-- BRIEF --
Set the data down once more, in full and exactly.

-- DATA PROVIDED --

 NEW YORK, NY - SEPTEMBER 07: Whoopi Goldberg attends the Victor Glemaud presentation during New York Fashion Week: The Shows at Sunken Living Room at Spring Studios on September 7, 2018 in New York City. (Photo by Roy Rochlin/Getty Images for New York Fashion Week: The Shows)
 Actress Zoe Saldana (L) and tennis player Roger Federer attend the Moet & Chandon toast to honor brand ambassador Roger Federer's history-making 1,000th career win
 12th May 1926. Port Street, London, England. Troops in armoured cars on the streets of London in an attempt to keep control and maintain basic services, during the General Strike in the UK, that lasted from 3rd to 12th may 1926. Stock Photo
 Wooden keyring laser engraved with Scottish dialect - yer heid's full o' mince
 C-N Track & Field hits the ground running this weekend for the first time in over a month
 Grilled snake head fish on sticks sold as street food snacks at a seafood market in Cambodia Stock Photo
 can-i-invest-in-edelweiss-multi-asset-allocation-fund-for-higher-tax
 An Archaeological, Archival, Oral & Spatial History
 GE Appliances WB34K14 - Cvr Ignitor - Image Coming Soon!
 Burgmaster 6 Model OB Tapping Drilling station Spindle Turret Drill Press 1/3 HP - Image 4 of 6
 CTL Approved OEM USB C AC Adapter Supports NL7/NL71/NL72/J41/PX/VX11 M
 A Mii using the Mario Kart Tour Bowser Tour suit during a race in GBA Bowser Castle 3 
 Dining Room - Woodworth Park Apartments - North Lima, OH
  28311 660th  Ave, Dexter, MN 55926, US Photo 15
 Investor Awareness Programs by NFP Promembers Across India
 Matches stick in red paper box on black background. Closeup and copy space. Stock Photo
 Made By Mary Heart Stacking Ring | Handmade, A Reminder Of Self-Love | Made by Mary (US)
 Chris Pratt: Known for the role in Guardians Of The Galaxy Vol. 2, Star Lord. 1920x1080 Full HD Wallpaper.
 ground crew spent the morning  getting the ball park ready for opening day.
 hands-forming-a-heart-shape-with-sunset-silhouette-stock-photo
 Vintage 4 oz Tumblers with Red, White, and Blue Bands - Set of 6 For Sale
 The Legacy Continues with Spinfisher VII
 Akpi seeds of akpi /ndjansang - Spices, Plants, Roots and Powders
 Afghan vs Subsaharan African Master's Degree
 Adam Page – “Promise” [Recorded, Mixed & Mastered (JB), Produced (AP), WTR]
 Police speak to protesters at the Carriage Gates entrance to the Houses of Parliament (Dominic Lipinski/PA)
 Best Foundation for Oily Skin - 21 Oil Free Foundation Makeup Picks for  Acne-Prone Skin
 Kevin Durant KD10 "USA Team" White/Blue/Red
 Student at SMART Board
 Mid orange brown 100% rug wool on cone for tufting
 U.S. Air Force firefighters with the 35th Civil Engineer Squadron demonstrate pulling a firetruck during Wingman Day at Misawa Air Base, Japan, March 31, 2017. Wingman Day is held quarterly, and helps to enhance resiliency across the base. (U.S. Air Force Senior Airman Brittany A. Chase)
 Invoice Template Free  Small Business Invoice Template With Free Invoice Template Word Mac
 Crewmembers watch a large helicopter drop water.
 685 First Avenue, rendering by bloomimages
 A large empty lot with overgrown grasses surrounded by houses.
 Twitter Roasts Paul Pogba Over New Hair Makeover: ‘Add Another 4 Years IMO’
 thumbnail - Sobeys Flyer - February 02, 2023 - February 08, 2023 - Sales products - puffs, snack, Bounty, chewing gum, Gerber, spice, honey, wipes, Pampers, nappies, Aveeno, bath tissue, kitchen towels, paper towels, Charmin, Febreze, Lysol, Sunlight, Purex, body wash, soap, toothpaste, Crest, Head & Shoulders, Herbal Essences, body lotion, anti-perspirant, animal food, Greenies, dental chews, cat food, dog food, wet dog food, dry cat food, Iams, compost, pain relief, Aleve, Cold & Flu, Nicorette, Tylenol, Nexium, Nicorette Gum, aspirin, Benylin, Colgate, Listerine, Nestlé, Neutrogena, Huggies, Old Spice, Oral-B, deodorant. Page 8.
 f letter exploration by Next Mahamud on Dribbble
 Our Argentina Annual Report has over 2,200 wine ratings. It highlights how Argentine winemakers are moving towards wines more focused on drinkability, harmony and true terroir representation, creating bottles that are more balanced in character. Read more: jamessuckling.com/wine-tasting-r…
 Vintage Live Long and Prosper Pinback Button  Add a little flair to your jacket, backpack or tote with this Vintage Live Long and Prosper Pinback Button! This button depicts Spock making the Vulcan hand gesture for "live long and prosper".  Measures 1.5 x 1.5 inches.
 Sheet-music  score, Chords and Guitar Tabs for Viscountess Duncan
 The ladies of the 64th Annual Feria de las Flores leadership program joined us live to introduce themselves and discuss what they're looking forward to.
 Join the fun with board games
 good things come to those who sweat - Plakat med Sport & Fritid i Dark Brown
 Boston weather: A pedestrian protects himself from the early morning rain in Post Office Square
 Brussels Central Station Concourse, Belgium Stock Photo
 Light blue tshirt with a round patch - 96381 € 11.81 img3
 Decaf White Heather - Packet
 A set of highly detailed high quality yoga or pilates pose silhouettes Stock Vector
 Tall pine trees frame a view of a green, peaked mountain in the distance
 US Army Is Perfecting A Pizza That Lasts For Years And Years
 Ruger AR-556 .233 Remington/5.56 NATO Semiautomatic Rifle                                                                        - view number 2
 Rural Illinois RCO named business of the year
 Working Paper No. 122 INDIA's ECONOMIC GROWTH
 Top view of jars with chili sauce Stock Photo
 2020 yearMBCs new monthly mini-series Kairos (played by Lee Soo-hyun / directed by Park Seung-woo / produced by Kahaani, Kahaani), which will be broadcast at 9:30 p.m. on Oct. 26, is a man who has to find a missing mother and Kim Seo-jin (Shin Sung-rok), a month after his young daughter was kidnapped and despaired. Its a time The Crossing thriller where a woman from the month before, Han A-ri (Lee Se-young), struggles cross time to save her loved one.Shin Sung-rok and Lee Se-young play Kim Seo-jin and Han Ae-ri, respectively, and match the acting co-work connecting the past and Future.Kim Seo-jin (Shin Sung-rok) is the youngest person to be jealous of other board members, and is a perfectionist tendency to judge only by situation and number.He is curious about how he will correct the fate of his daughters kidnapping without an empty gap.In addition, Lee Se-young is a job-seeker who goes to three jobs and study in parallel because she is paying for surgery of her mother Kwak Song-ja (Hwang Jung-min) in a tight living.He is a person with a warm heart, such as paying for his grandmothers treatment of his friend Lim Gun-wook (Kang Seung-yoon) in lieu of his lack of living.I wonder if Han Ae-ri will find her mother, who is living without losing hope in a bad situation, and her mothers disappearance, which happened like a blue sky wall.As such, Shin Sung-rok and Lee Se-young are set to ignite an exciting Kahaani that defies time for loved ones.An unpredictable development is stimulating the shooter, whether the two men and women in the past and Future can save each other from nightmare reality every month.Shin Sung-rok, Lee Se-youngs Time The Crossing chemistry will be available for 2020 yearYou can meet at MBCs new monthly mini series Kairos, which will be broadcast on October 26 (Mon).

-- ANSWER BOX --
 NEW YORK, NY - SEPTEMBER 07: Whoopi Goldberg attends the Victor Glemaud presentation during New York Fashion Week: The Shows at Sunken Living Room at Spring Studios on September 7, 2018 in New York City. (Photo by Roy Rochlin/Getty Images for New York Fashion Week: The Shows)
 Actress Zoe Saldana (L) and tennis player Roger Federer attend the Moet & Chandon toast to honor brand ambassador Roger Federer's history-making 1,000th career win
 12th May 1926. Port Street, London, England. Troops in armoured cars on the streets of London in an attempt to keep control and maintain basic services, during the General Strike in the UK, that lasted from 3rd to 12th may 1926. Stock Photo
 Wooden keyring laser engraved with Scottish dialect - yer heid's full o' mince
 C-N Track & Field hits the ground running this weekend for the first time in over a month
 Grilled snake head fish on sticks sold as street food snacks at a seafood market in Cambodia Stock Photo
 can-i-invest-in-edelweiss-multi-asset-allocation-fund-for-higher-tax
 An Archaeological, Archival, Oral & Spatial History
 GE Appliances WB34K14 - Cvr Ignitor - Image Coming Soon!
 Burgmaster 6 Model OB Tapping Drilling station Spindle Turret Drill Press 1/3 HP - Image 4 of 6
 CTL Approved OEM USB C AC Adapter Supports NL7/NL71/NL72/J41/PX/VX11 M
 A Mii using the Mario Kart Tour Bowser Tour suit during a race in GBA Bowser Castle 3 
 Dining Room - Woodworth Park Apartments - North Lima, OH
  28311 660th  Ave, Dexter, MN 55926, US Photo 15
 Investor Awareness Programs by NFP Promembers Across India
 Matches stick in red paper box on black background. Closeup and copy space. Stock Photo
 Made By Mary Heart Stacking Ring | Handmade, A Reminder Of Self-Love | Made by Mary (US)
 Chris Pratt: Known for the role in Guardians Of The Galaxy Vol. 2, Star Lord. 1920x1080 Full HD Wallpaper.
 ground crew spent the morning  getting the ball park ready for opening day.
 hands-forming-a-heart-shape-with-sunset-silhouette-stock-photo
 Vintage 4 oz Tumblers with Red, White, and Blue Bands - Set of 6 For Sale
 The Legacy Continues with Spinfisher VII
 Akpi seeds of akpi /ndjansang - Spices, Plants, Roots and Powders
 Afghan vs Subsaharan African Master's Degree
 Adam Page – “Promise” [Recorded, Mixed & Mastered (JB), Produced (AP), WTR]
 Police speak to protesters at the Carriage Gates entrance to the Houses of Parliament (Dominic Lipinski/PA)
 Best Foundation for Oily Skin - 21 Oil Free Foundation Makeup Picks for  Acne-Prone Skin
 Kevin Durant KD10 "USA Team" White/Blue/Red
 Student at SMART Board
 Mid orange brown 100% rug wool on cone for tufting
 U.S. Air Force firefighters with the 35th Civil Engineer Squadron demonstrate pulling a firetruck during Wingman Day at Misawa Air Base, Japan, March 31, 2017. Wingman Day is held quarterly, and helps to enhance resiliency across the base. (U.S. Air Force Senior Airman Brittany A. Chase)
 Invoice Template Free  Small Business Invoice Template With Free Invoice Template Word Mac
 Crewmembers watch a large helicopter drop water.
 685 First Avenue, rendering by bloomimages
 A large empty lot with overgrown grasses surrounded by houses.
 Twitter Roasts Paul Pogba Over New Hair Makeover: ‘Add Another 4 Years IMO’
 thumbnail - Sobeys Flyer - February 02, 2023 - February 08, 2023 - Sales products - puffs, snack, Bounty, chewing gum, Gerber, spice, honey, wipes, Pampers, nappies, Aveeno, bath tissue, kitchen towels, paper towels, Charmin, Febreze, Lysol, Sunlight, Purex, body wash, soap, toothpaste, Crest, Head & Shoulders, Herbal Essences, body lotion, anti-perspirant, animal food, Greenies, dental chews, cat food, dog food, wet dog food, dry cat food, Iams, compost, pain relief, Aleve, Cold & Flu, Nicorette, Tylenol, Nexium, Nicorette Gum, aspirin, Benylin, Colgate, Listerine, Nestlé, Neutrogena, Huggies, Old Spice, Oral-B, deodorant. Page 8.
 f letter exploration by Next Mahamud on Dribbble
 Our Argentina Annual Report has over 2,200 wine ratings. It highlights how Argentine winemakers are moving towards wines more focused on drinkability, harmony and true terroir representation, creating bottles that are more balanced in character. Read more: jamessuckling.com/wine-tasting-r…
 Vintage Live Long and Prosper Pinback Button  Add a little flair to your jacket, backpack or tote with this Vintage Live Long and Prosper Pinback Button! This button depicts Spock making the Vulcan hand gesture for "live long and prosper".  Measures 1.5 x 1.5 inches.
 Sheet-music  score, Chords and Guitar Tabs for Viscountess Duncan
 The ladies of the 64th Annual Feria de las Flores leadership program joined us live to introduce themselves and discuss what they're looking forward to.
 Join the fun with board games
 good things come to those who sweat - Plakat med Sport & Fritid i Dark Brown
 Boston weather: A pedestrian protects himself from the early morning rain in Post Office Square
 Brussels Central Station Concourse, Belgium Stock Photo
 Light blue tshirt with a round patch - 96381 € 11.81 img3
 Decaf White Heather - Packet
 A set of highly detailed high quality yoga or pilates pose silhouettes Stock Vector
 Tall pine trees frame a view of a green, peaked mountain in the distance
 US Army Is Perfecting A Pizza That Lasts For Years And Years
 Ruger AR-556 .233 Remington/5.56 NATO Semiautomatic Rifle                                                                        - view number 2
 Rural Illinois RCO named business of the year
 Working Paper No. 122 INDIA's ECONOMIC GROWTH
 Top view of jars with chili sauce Stock Photo
 2020 yearMBCs new monthly mini-series Kairos (played by Lee Soo-hyun / directed by Park Seung-woo / produced by Kahaani, Kahaani), which will be broadcast at 9:30 p.m. on Oct. 26, is a man who has to find a missing mother and Kim Seo-jin (Shin Sung-rok), a month after his young daughter was kidnapped and despaired. Its a time The Crossing thriller where a woman from the month before, Han A-ri (Lee Se-young), struggles cross time to save her loved one.Shin Sung-rok and Lee Se-young play Kim Seo-jin and Han Ae-ri, respectively, and match the acting co-work connecting the past and Future.Kim Seo-jin (Shin Sung-rok) is the youngest person to be jealous of other board members, and is a perfectionist tendency to judge only by situation and number.He is curious about how he will correct the fate of his daughters kidnapping without an empty gap.In addition, Lee Se-young is a job-seeker who goes to three jobs and study in parallel because she is paying for surgery of her mother Kwak Song-ja (Hwang Jung-min) in a tight living.He is a person with a warm heart, such as paying for his grandmothers treatment of his friend Lim Gun-wook (Kang Seung-yoon) in lieu of his lack of living.I wonder if Han Ae-ri will find her mother, who is living without losing hope in a bad situation, and her mothers disappearance, which happened like a blue sky wall.As such, Shin Sung-rok and Lee Se-young are set to ignite an exciting Kahaani that defies time for loved ones.An unpredictable development is stimulating the shooter, whether the two men and women in the past and Future can save each other from nightmare reality every month.Shin Sung-rok, Lee Se-youngs Time The Crossing chemistry will be available for 2020 yearYou can meet at MBCs new monthly mini series Kairos, which will be broadcast on October 26 (Mon).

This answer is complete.